[SPARK-12204][SPARKR] Implement drop method for DataFrame in SparkR. #10201

sun-rui · 2015-12-08T12:07:05Z

No description provided.

SparkQA · 2015-12-08T12:35:22Z

Test build #47335 has finished for PR 10201 at commit e4372d6.

This patch passes all tests.
This patch merges cleanly.
This patch adds no public classes.

felixcheung · 2015-12-08T21:26:44Z

R/pkg/R/DataFrame.R

@@ -1324,12 +1312,16 @@ setMethod("selectExpr",
 #' path <- "path/to/file.json"
 #' df <- jsonFile(sqlContext, path)
 #' newDF <- withColumn(df, "newCol", df$col1 * 5)
+#' # Replace an existing column
+#' newDF2 <- withColumn(newDF, "newCol", newDF$col1)
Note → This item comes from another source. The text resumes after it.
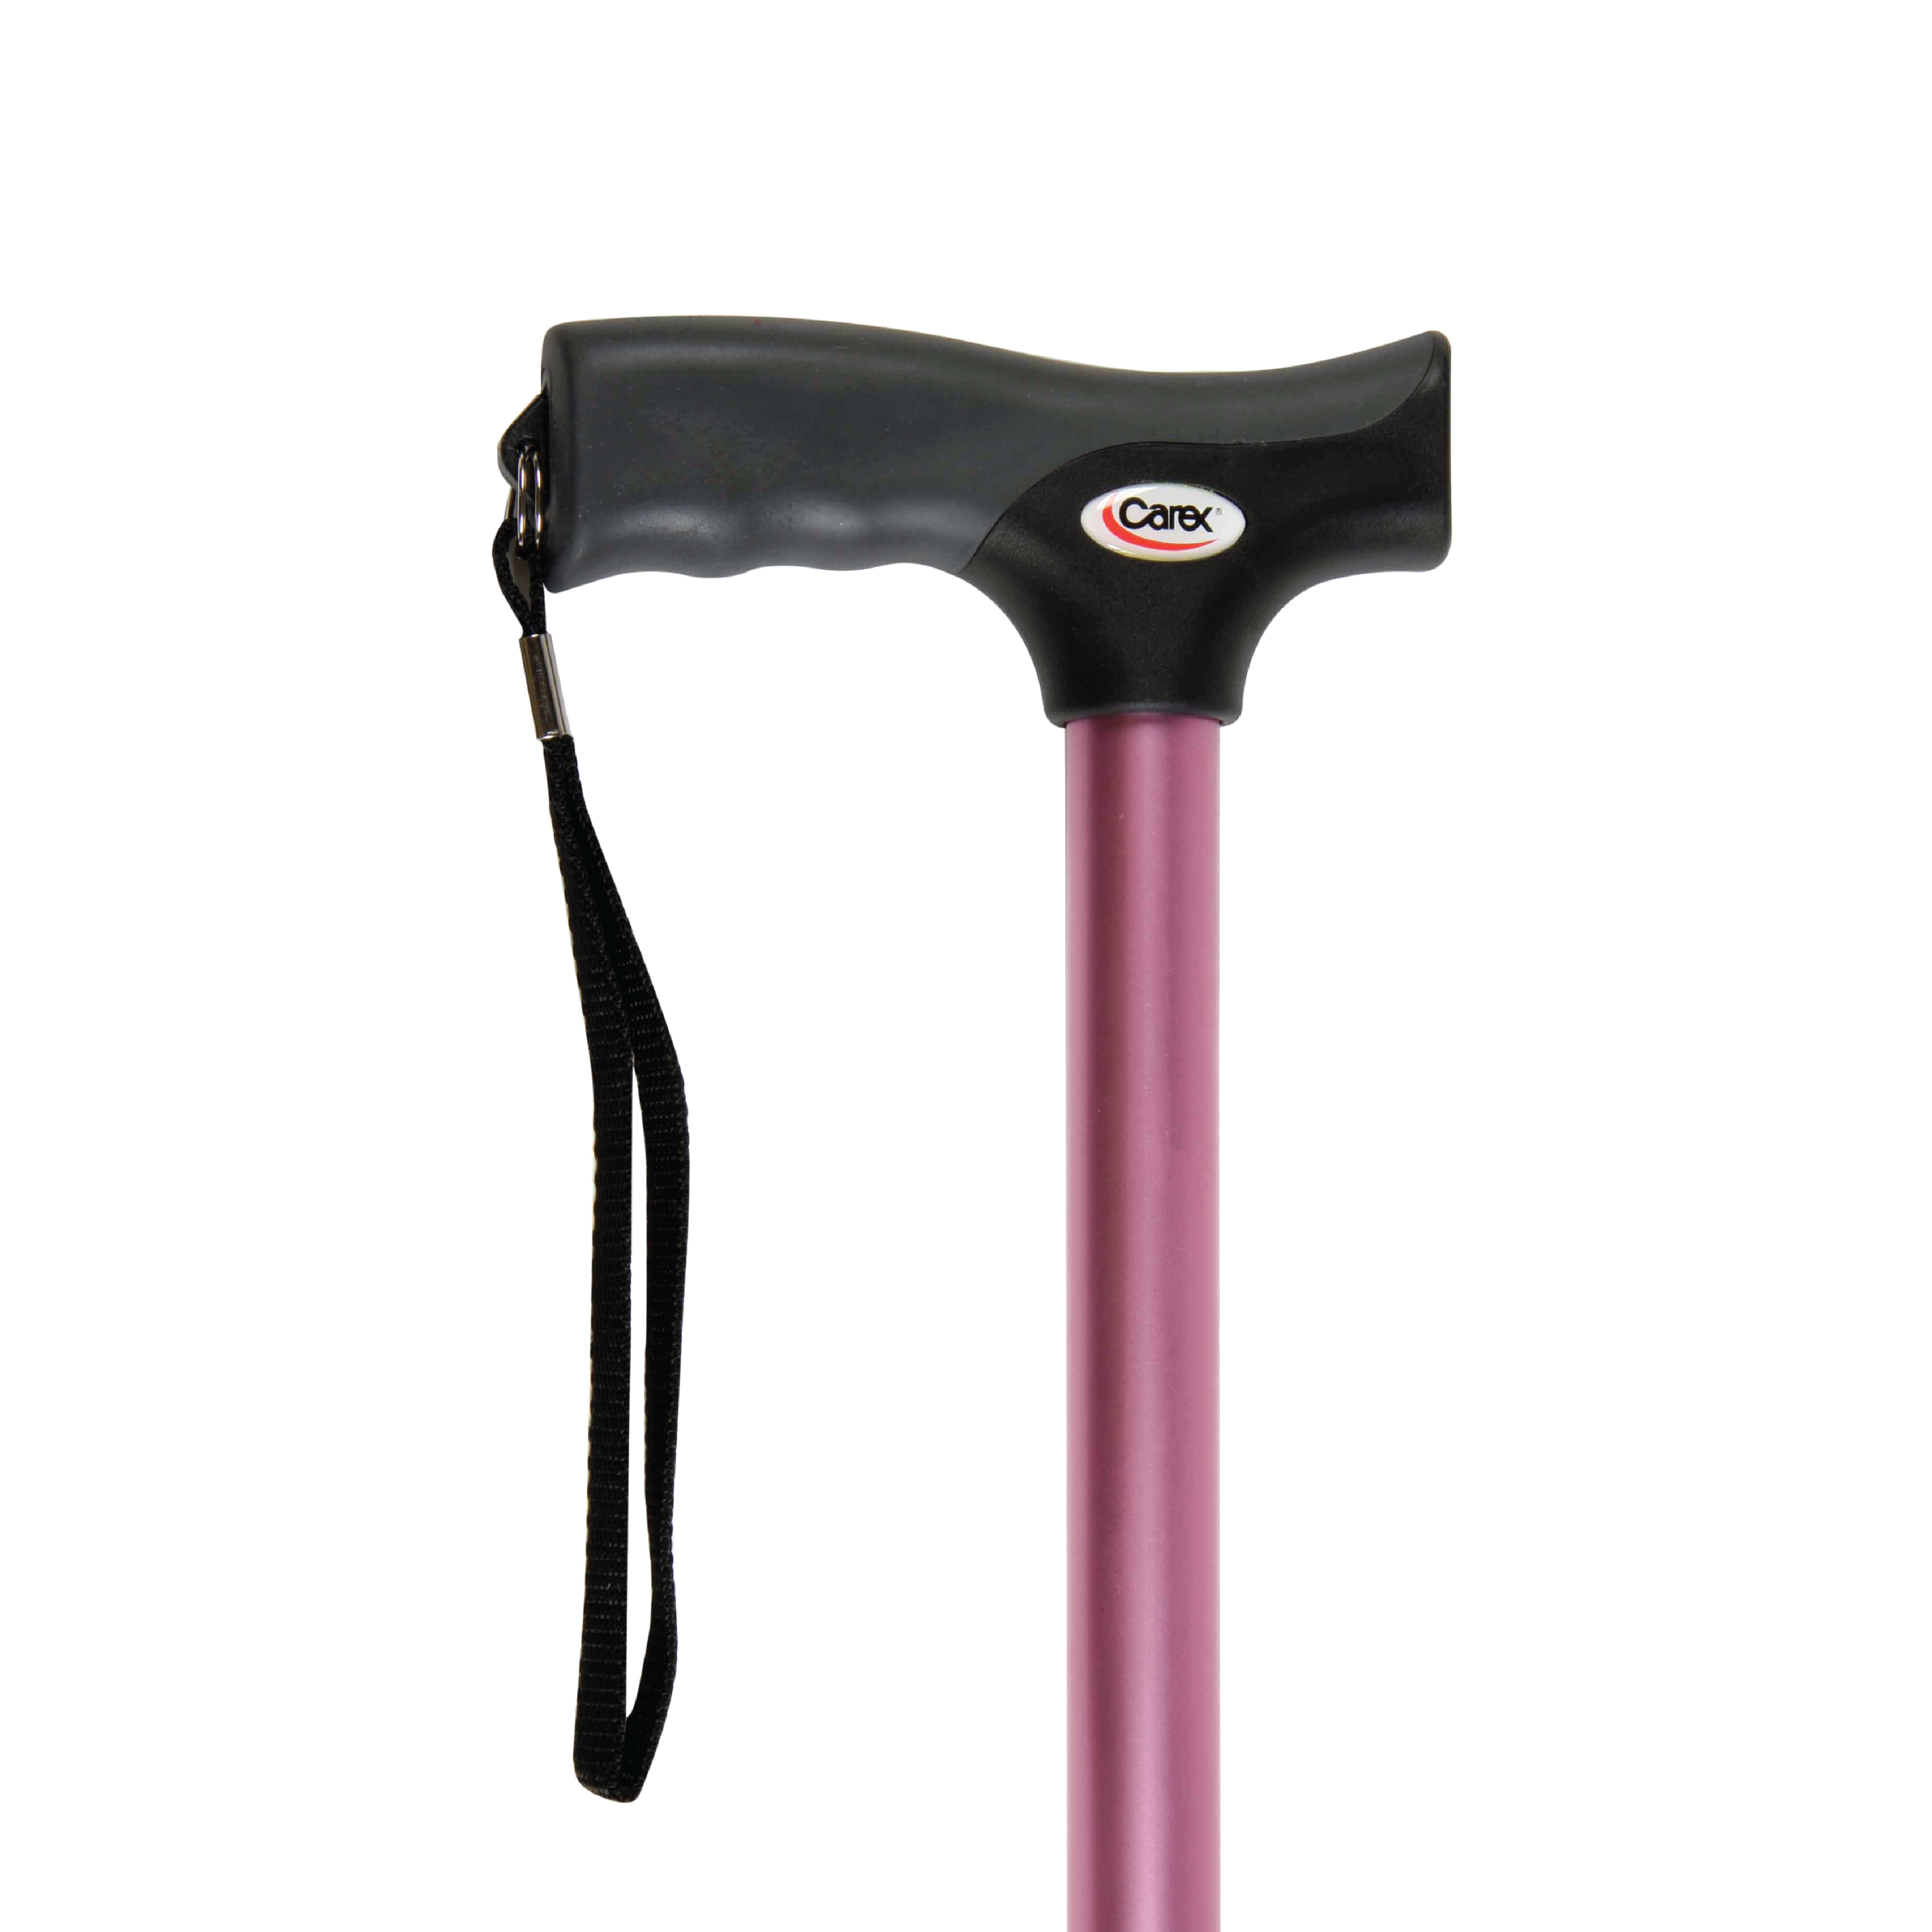 Carex Soft Grip Derby Walking Cane for All Occasions, Adjustable, Pink, 250 lb - image 1 of 9

I'm not 100% about the replace existing column behavior - I thought it was intentional that we support multiple columns with the same name before?

I don't know the reason. The original commit can be found at amplab-extras/SparkR-pkg#204.
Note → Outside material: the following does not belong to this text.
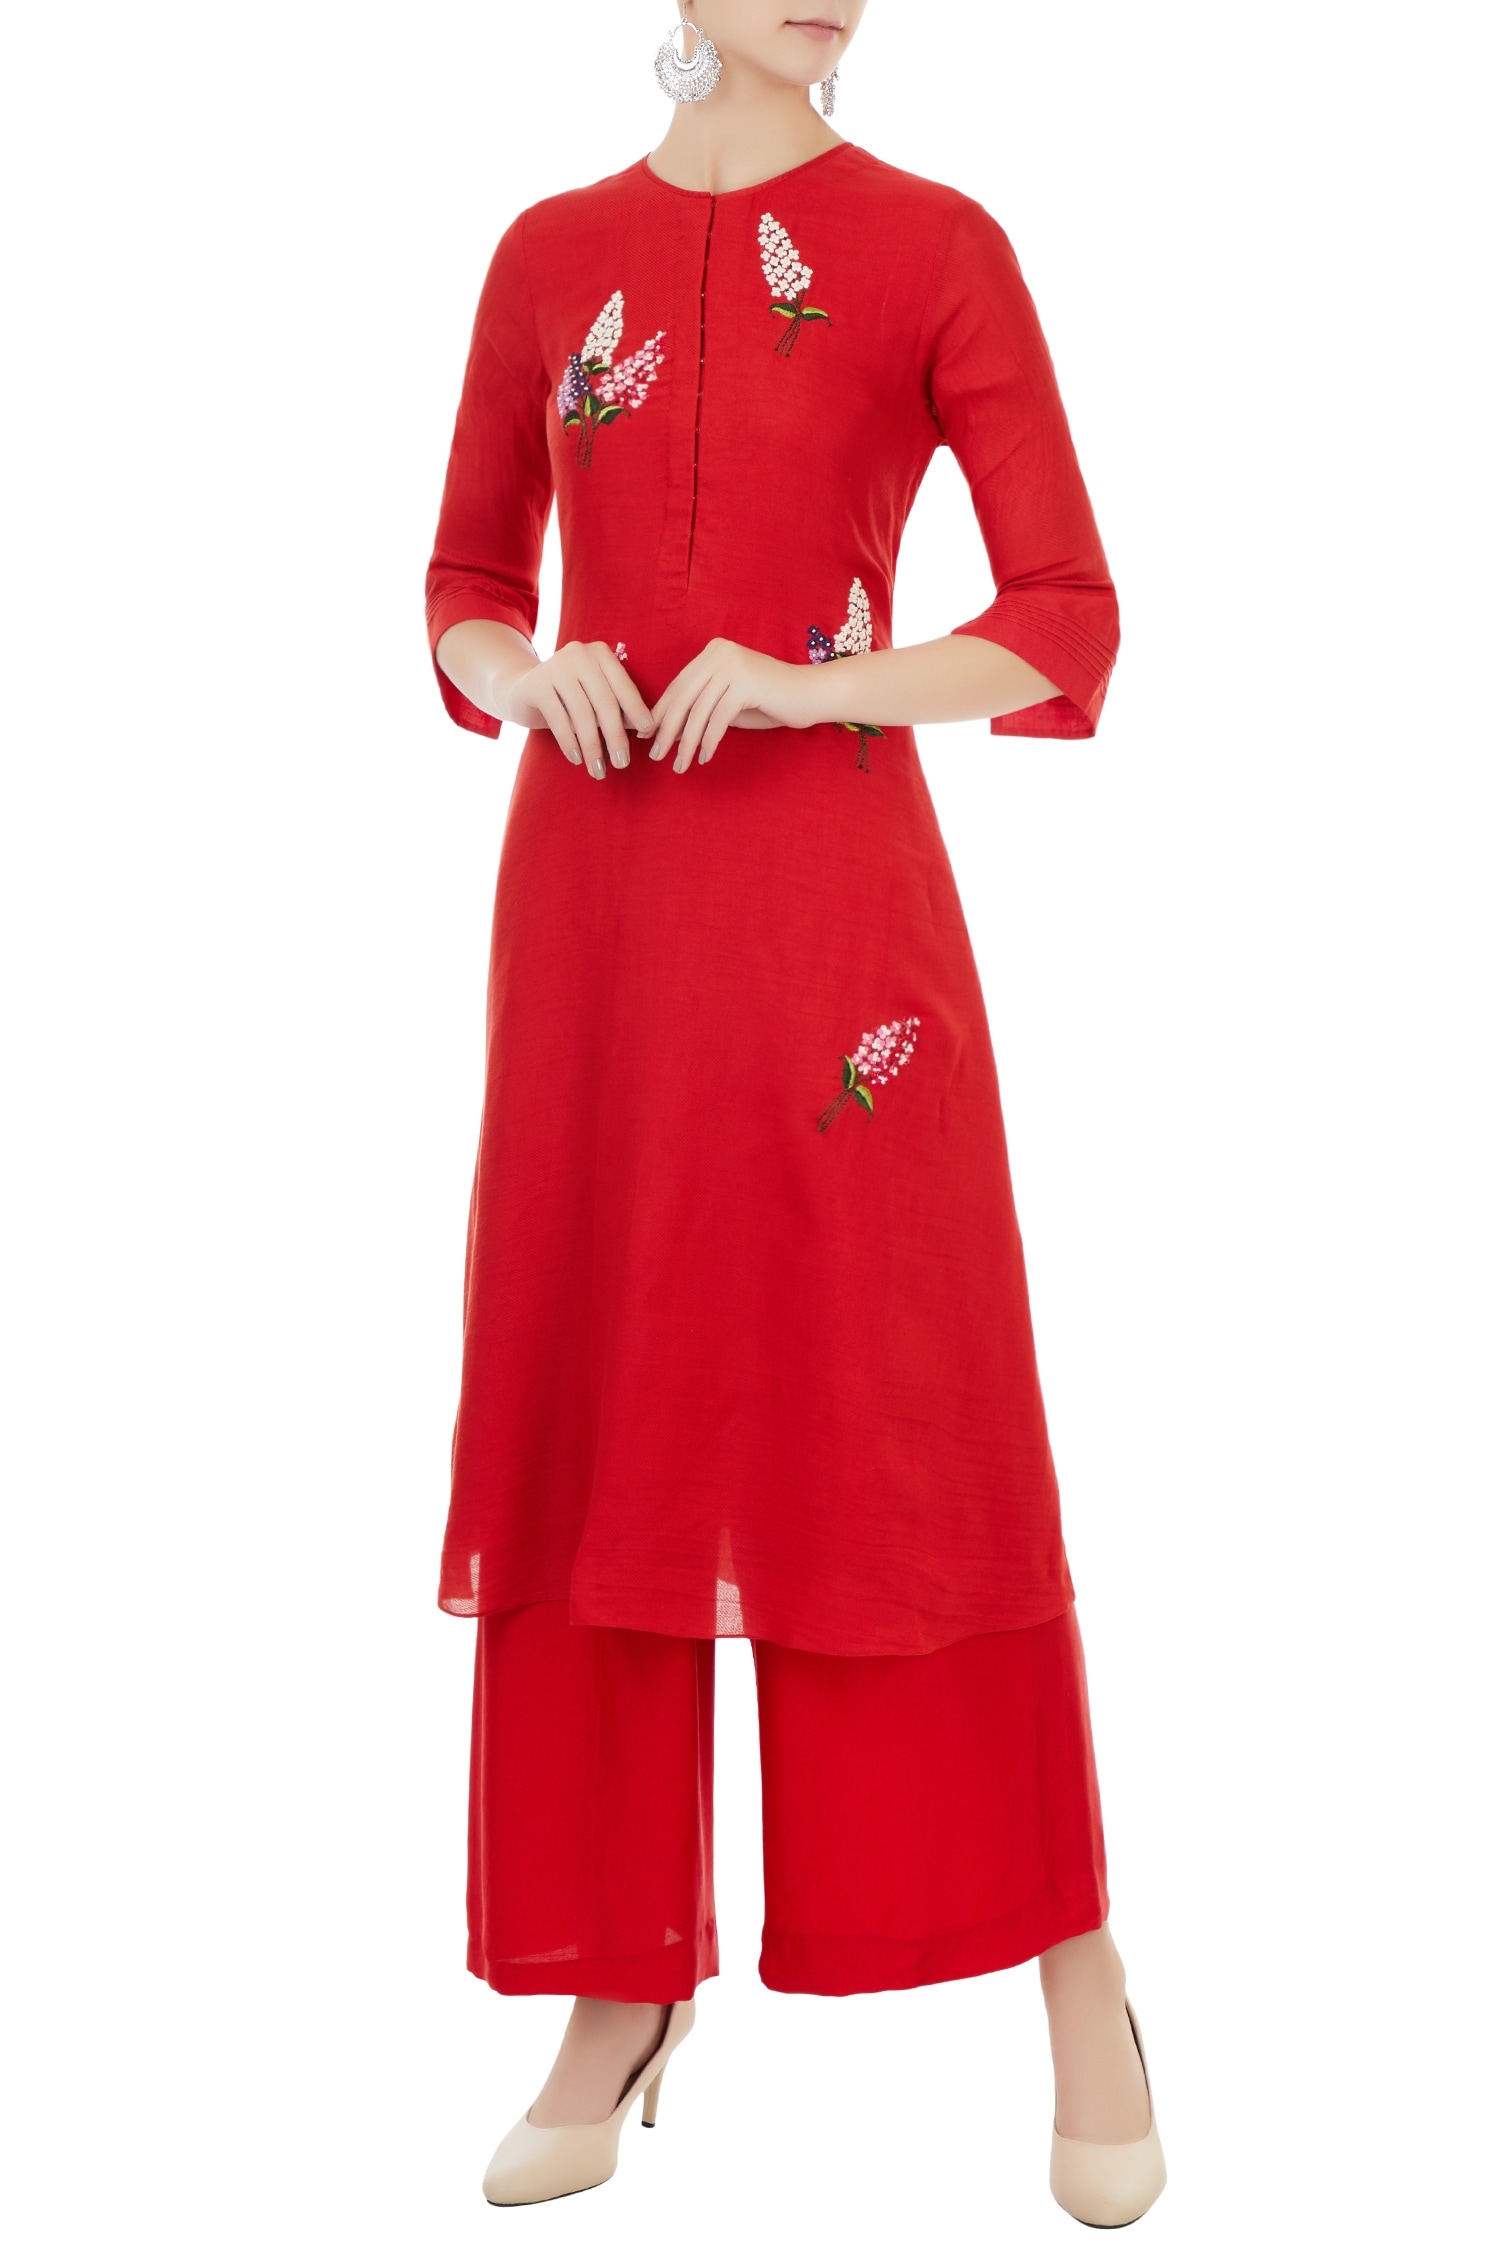 Desert Shine by Sulochana Jangir Red Linen Georgette Embroidered Floral Motifs Kurta And Palazzo Set For Women

I don't think it is related to supporting multiple columns with the same name. Spark Core itself allows multiple columns with the same name:

scala> val df=sqlContext.createDataFrame(Seq((1,2,3))).toDF("a","a","c") df: org.apache.spark.sql.DataFrame = [a: int, a: int, c: int] scala> df.show +---+---+---+ | a| a| c| +---+---+---+ | 1| 2| 3| +---+---+---+ scala> df.withColumn("a", df("c")).show +---+---+---+ | a| a| c| +---+---+---+ | 3| 3| 3| +---+---+---+

You can see all columns of the same name will be replaced in the above example.
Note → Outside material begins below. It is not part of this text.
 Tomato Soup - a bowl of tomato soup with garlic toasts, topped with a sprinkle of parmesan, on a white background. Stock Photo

I know the reason. When the withColumn was implemented in SparkR, the withColumn() in Scala support just adding columns, without support for replacing existing columns. But later, withColumn() in Scala was enhanced to support replacing existing columns, see #5541. However, withColumn in SparkR have not been synced with Scala until this PR:)

SparkQA · 2015-12-11T05:52:23Z

Test build #47571 has finished for PR 10201 at commit aa7682d.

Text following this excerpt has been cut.